Quand le langage dépayse le réel...
« Après vous avoir témoigné plus d’une fois mon incapacité dans l’art de décrire non seulement des royaumes, mais encore des provinces, des villes, des villages, des hameaux, que vous dirais-je plus, ma chambre ? Vous voulez cependant malgré toutes ces raisons que je vous décrive la Situation, le Gouvernement, les Moeurs et les Coutumes des Habitants du Royaume de Candavia. Je vais l’entreprendre, MADAME, dût-il m’en coûter la seringue ; dussé-je pilé dans le foie du pâté en pot, vous m’y forcez par le style le plus pressant dont le court-bouillon ait jamais pu se servir. » (p. 1-2)
Publiées anonymement en 1715, les Relations du Royaume de Candavia sont une oeuvre baroque, qui mêle les lieux communs du récit de voyage et la charge critique de l'antiroman. L’incipit reproduit ci-dessus illustre d’ailleurs parfaitement les enjeux de déréalisation du paysage qui ont lieu dans ce très bref récit.
Certains critiques la rangent parmi les « utopies burlesques », d'autres au sein de la catégorie des « voyages excentriques ». Cette prolifération d'étiquettes concerne une utopie à bien des titres inclassable. Iconoclaste, cette utopie l'est surtout en raison de son utilisation du langage qui est, le plus souvent, tout à fait dysfonctionnel. Cette citation montre bien comment les mots du narrateur sont inaptes à reproduire adéquatement le réel ; c'est en quelque sorte — pour l'Ancien Régime, du moins — une critique de la prétention des voyageurs qui s'estiment capables de restituer l'ensemble des paysages vus en témoignant de leur expérience personnelle.

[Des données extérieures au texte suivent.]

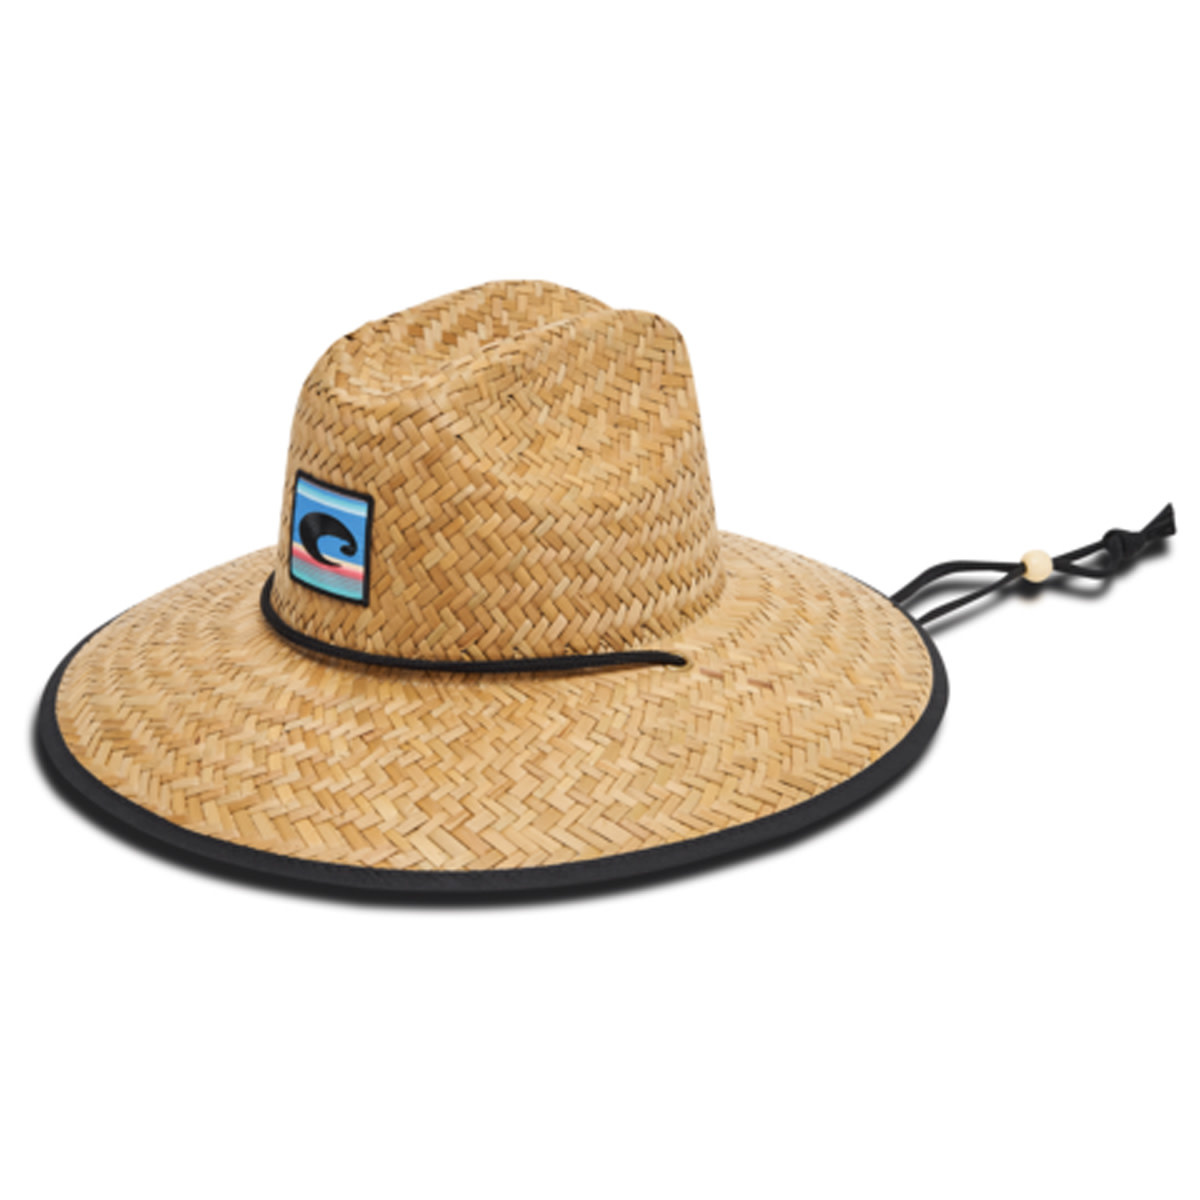 Costa - Lifeguard Straw Hat Fiesta Print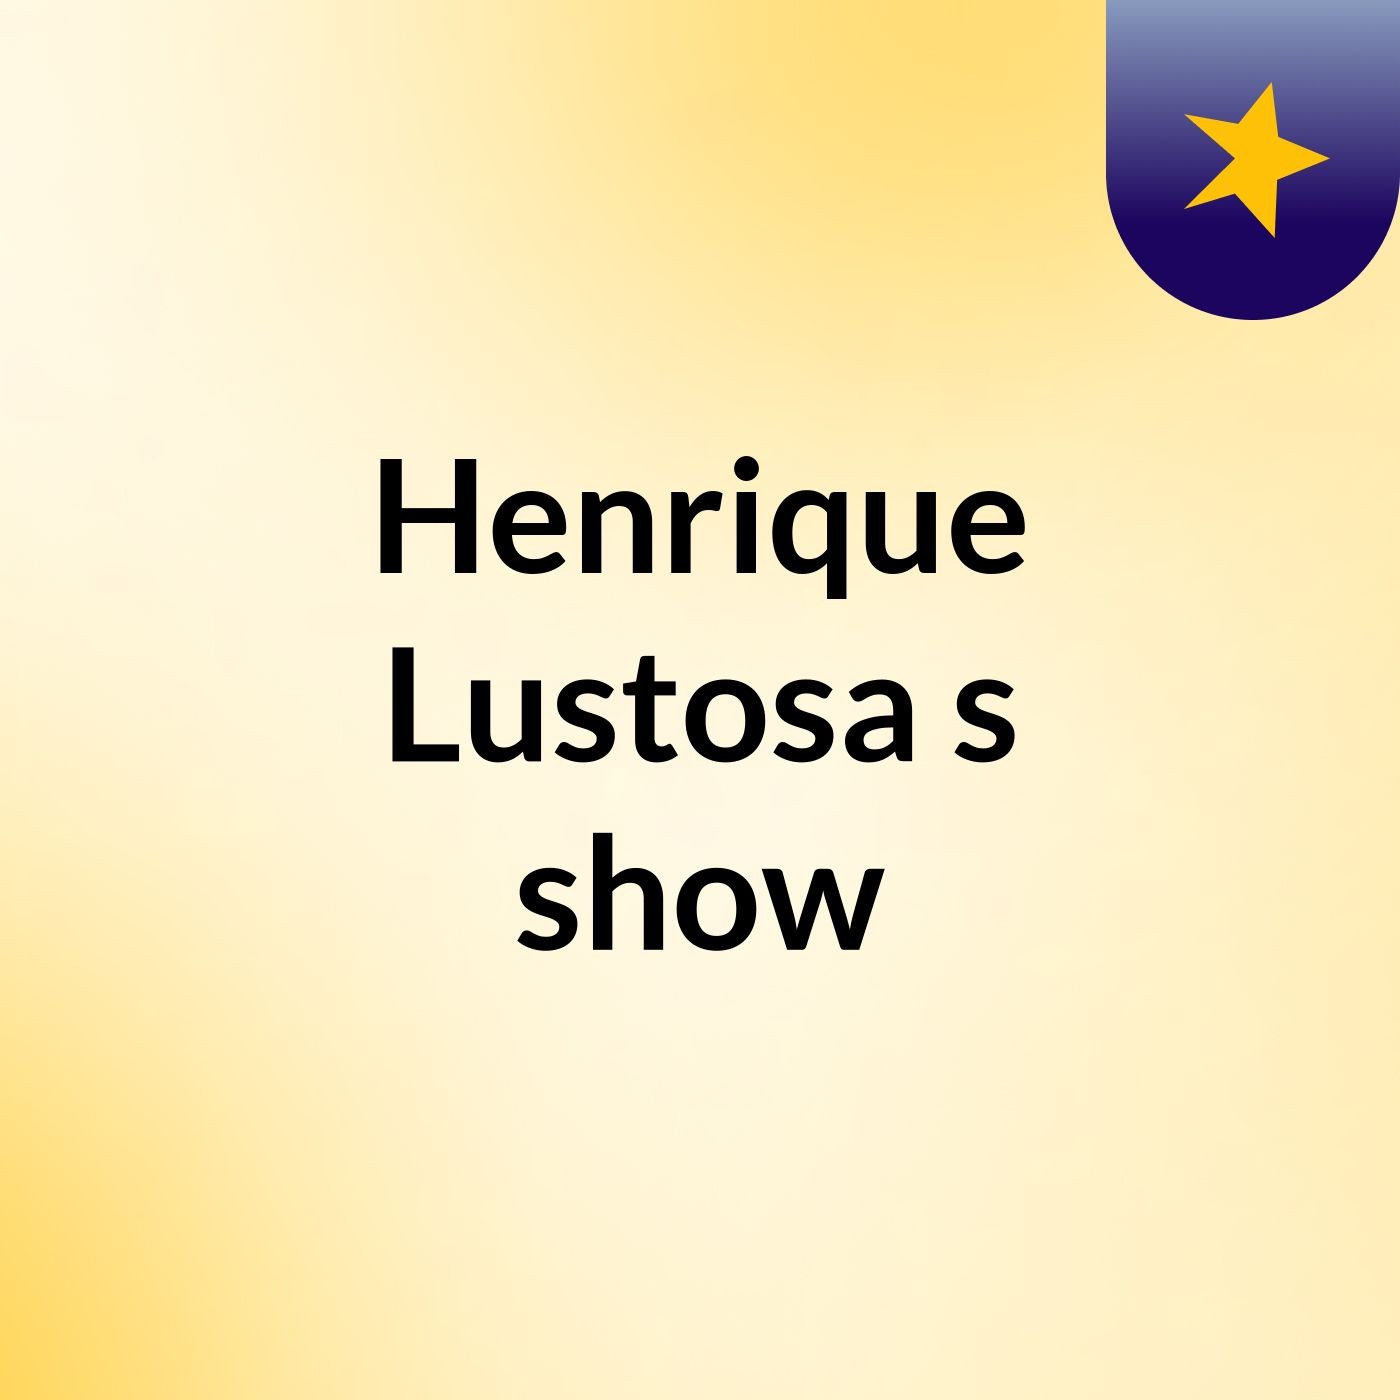 Henrique Lustosa's show

Cette critique se détraque bientôt en satire, où le ridicule tient pour l'essentiel dans le vocabulaire culinaire fortement prisé par l'anonyme utopiste.
« Pour satisfaire votre curiosité, Madame, et vous donner une intelligence parfaite des coutumes Candaviennes, vous trouverez bon que nous reprenions la chose d’un peu plus loin, en commençant par la situation de ce Royaume. Il est situé entre la poire et le fromage, à cent-douze grains de millet de la bassinoire, et à quatre-vingt-dix de la citrouille ; le climat est fort tempéré, on y mange en toute saison des pommes cuites au Soleil. / Ce Royaume est divisé en dix-huit très grandes terrines du levant filées au bain marie : Lagro, Ombira, Vercou, Imbazoc, Sargoul, Doxu, Empajou, Honforan, Erpir, Vrajon, Quorian,Vromas, Ergalon, Vombir, Jerban, Likro, Larconi et Emoropou » (p. 19-20)
Paysage & nourriture : voilà un rapprochement qui faisait (déjà à l'époque) la joie du tourisme gastronomique.
SOURCE : Anonyme, Relations du Royaume de Candavia / Envoyées à Mme la comtesse de *** , Paris, [Chez Staket le Goguenard, rue des Fièvres chaudes, à l’enseigne des Rêves], 1715.